Route information
- Part of E22 E67 E77
- Length: 20.5 km (12.7 mi)

Major junctions
- North end: A 1 A 2 near Baltezers
- P 2 near Upesciems P 4 near Ūlupji / Ulbroka P 5 near Saurieši A 6 near Saulkalne
- South end: Saulkalne / A 6

Location
- Country: Latvia

Highway system
- National Roads in Latvia;
| ← A 3 |  | → A 5 |

= A4 road (Latvia) =

Road in Latvia

The A4 is a main national road in Latvia. It is officially named Rīgas apvedceļš (Baltezers–Saulkalne) and forms the eastern section of the Riga bypass, connecting the A1 and A2 near Baltezers with the A6 near Saulkalne. The road has a total length of 20.5 km, all of which is state-owned.

The A4 is part of Latvia's TEN-T road network.

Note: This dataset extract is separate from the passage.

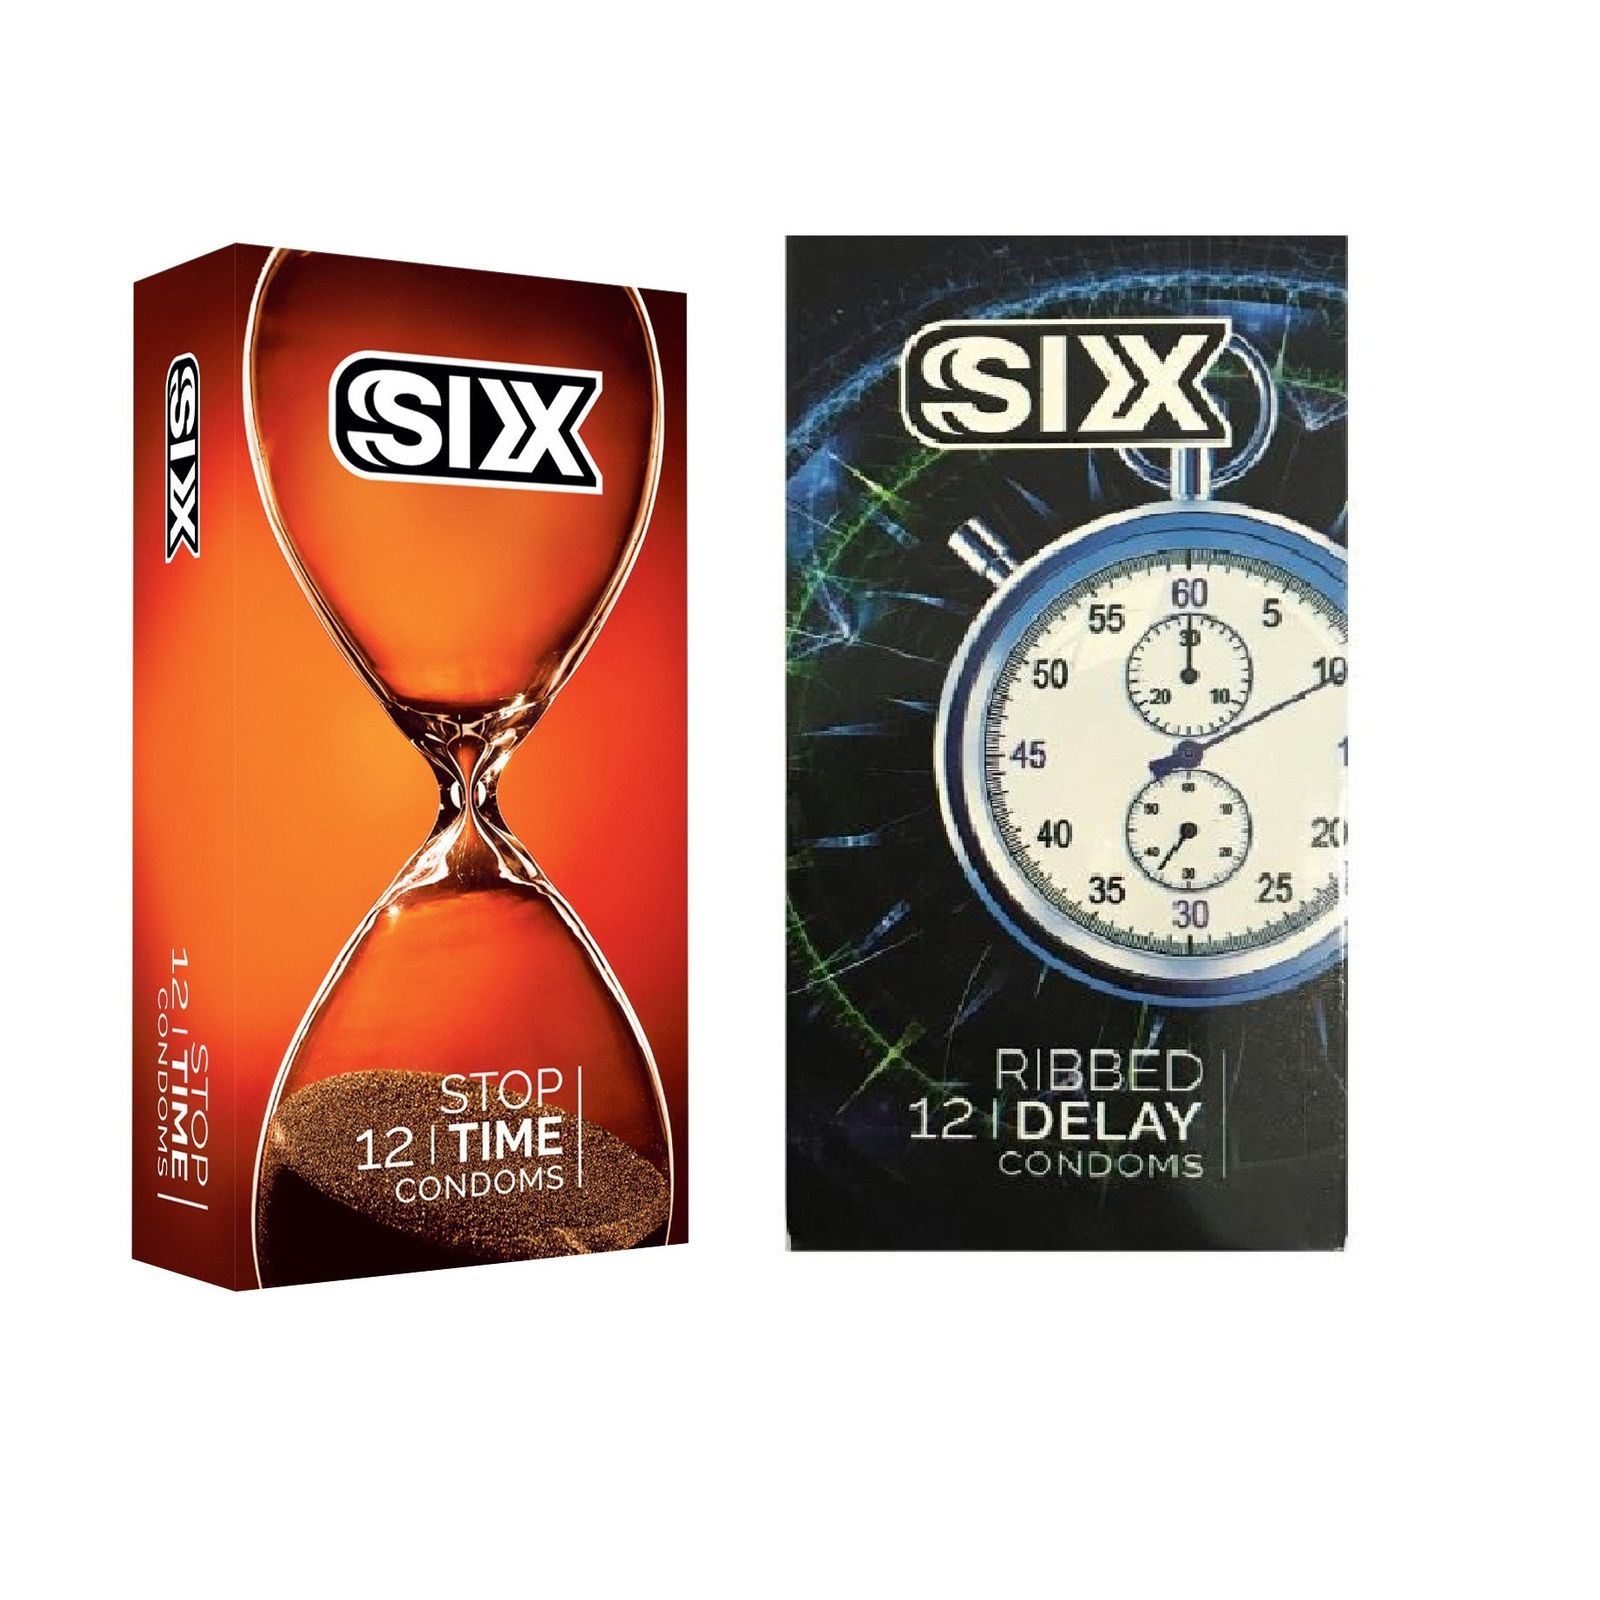 کاندوم سیکس مدل Stop Time بسته 12 عددی به همراه کاندوم سیکس مدل Ribbed Delay بسته 12 عددی -  - 1

It carries European route E67 and European route E77, while its southern part also forms a connection between the E22 corridor from the P5 and P80 route and the A6 at Saulkalne. Together with the A5, the A4 forms the main road bypass around Riga.

== Route description ==

The A4 starts near Baltezers, at the junction with the A1 and A2. It runs south and south-east through the eastern part of the Riga metropolitan area, passing near Upesciems, Ūlupji, Ulbroka, Saurieši, Salaspils and Saulkalne, where it ends at the junction with the A6.

The road crosses the Lielā Jugla and Mazā Jugla rivers. Its main intermediate junctions are with the P2 near Upesciems, the P4 near Ūlupji and Ulbroka, and the P5 near Saurieši.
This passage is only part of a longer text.